Items from a dataset:
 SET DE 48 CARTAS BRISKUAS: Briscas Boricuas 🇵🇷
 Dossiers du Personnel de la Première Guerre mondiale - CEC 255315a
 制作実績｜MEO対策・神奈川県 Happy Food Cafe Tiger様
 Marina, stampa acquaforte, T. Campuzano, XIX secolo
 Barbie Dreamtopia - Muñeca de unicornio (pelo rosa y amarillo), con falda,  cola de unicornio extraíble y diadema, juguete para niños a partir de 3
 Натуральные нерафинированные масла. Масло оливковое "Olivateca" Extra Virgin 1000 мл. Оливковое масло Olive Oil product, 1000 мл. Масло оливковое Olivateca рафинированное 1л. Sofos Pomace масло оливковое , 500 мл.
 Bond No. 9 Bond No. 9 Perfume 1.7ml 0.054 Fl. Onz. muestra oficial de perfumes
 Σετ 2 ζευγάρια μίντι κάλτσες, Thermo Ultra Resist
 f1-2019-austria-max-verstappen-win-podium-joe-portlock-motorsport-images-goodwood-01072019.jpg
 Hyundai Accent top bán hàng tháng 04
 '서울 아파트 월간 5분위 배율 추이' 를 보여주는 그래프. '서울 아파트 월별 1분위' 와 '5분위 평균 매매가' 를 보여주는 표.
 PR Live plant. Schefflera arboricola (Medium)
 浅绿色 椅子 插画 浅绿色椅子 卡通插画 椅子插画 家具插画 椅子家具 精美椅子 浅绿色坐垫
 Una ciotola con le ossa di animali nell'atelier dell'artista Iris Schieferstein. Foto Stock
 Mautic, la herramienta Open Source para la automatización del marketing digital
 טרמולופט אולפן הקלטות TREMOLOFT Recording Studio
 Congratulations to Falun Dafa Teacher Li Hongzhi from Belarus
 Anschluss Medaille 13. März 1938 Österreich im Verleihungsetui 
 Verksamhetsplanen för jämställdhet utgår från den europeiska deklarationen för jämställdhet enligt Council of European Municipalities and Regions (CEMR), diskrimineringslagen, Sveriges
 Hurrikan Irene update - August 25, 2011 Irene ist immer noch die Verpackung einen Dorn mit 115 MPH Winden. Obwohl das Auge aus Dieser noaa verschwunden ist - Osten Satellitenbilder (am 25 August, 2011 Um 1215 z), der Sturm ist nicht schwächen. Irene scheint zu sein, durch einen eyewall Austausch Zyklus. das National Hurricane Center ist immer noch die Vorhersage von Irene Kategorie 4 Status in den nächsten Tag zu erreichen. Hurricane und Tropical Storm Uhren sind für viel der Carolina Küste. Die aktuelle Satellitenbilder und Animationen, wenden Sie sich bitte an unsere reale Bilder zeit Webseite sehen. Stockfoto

Task goal: Please copy, exactly and with nothing else, the lines above beginning at the line that has "Σετ 2 ζευγάρια" and ending with the line that has "浅绿色 椅子 插画 浅绿色椅子".

Solution to this exercise:
 Σετ 2 ζευγάρια μίντι κάλτσες, Thermo Ultra Resist
 f1-2019-austria-max-verstappen-win-podium-joe-portlock-motorsport-images-goodwood-01072019.jpg
 Hyundai Accent top bán hàng tháng 04
 '서울 아파트 월간 5분위 배율 추이' 를 보여주는 그래프. '서울 아파트 월별 1분위' 와 '5분위 평균 매매가' 를 보여주는 표.
 PR Live plant. Schefflera arboricola (Medium)
 浅绿色 椅子 插画 浅绿色椅子 卡通插画 椅子插画 家具插画 椅子家具 精美椅子 浅绿色坐垫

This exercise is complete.